Зазвонил телефон. Трубку не сняла, включился автоответчик. Голос Олега: «Кира Анатольевна! Это Олег Петрович Волков. Если вы дома, убедительно прошу вас снять трубку! Пожалуйста! Я сейчас на пути в аэропорт. Улетаю в командировку. Мне нужно срочно с вами поговорить!»
— Скатертью дорога! — напутствовала я.
Трубку так и не подняла. Зачем? Чтобы он оправдывался, посылал меня избавиться от ребенка?
Естественно, после хамского хохота он чувствует себя неуютно, как человек, потерявший лицо. Хочет вернуть себе лицо и снова быть пай-мальчиком.
Этого удовольствия я ему не доставлю.
Телефон вновь зазвонил через пять минут.
Опять Олег: «Это Волков! Кира Анатольевна, поднимите трубку! Кто-нибудь! — Голос дрожал от злости. — Возьмите трубку! Ответьте!»
— Иди к черту! — произнесла я вслух.
Чего от него хочу? — спросила я себя немного погодя. И ответила: чтобы он развернул машину, в которой едет в аэропорт, примчался ко мне, задушил в объятиях, сказал, что поженимся и дочь назовем Федорой. Я даже на Федору согласна. Федора Олеговна — чудно!
Кто для него важнее я или служебные заботы?
Если его работа мешает нашей любви, ну ее к дьяволу, такую любовь!
Я никому не нужна! Эта простая мысль, объемом со вселенную, открылась мне внезапно и ясно. Нужны мои трудовые руки, моя зарплата, мой юмор, мои цитаты, мое знание прозы и поэзии, вечная логика и уравновешенность. А сама я в чистом виде никому не требуюсь. И ребенок мой никому не нужен!
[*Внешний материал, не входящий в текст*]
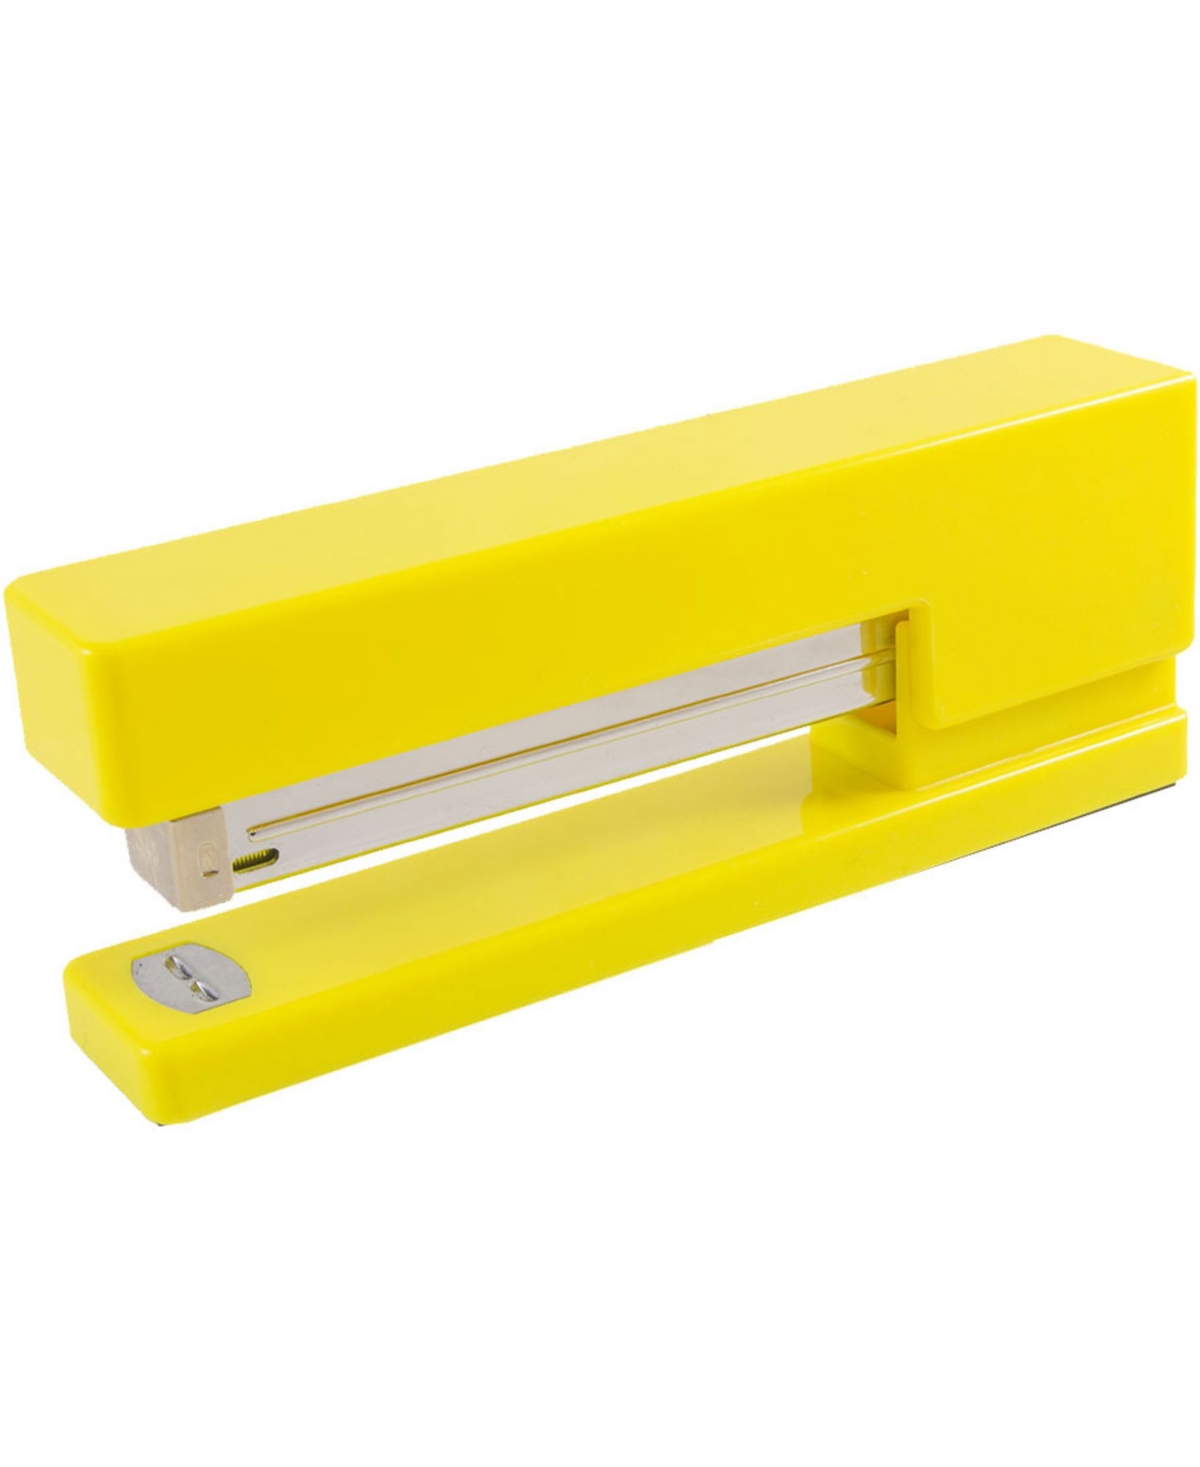 Jam Paper Modern Desk Stapler In Yellow

Он для всех дебил, обуза и позор.
Глаза защипало, навернулись слезы. Ужасно обидно быть никому не нужной! И при этом не иметь права даже сигарету выкурить!
Открылась входная дверь, пришли дети. Я рванула в ванную, на ходу поздоровавшись.
Надо хорошенько выплакаться. Слезы смывают с картины мира черные краски. Но плакать уже не хотелось.
Я нужна ребенку — это раз. Ребенок нужен мне — это два. Уже кое-что, не пустота! Я могу посвятить дочери всю оставшуюся жизнь. Она будет меня любить так, как только дочери любят своих матерей. Как я любила маму! Это ли не счастье?
Представила нас, изгоев, окруженных презрением и брезгливостью родных и друзей. Нет, подобного не выдержит и моя твердая воля.
— Маман! — затарабанил в дверь Лешка. — Тебя к телефону!
— Не могу! — крикнула я и включила воду. — Принимаю ванну!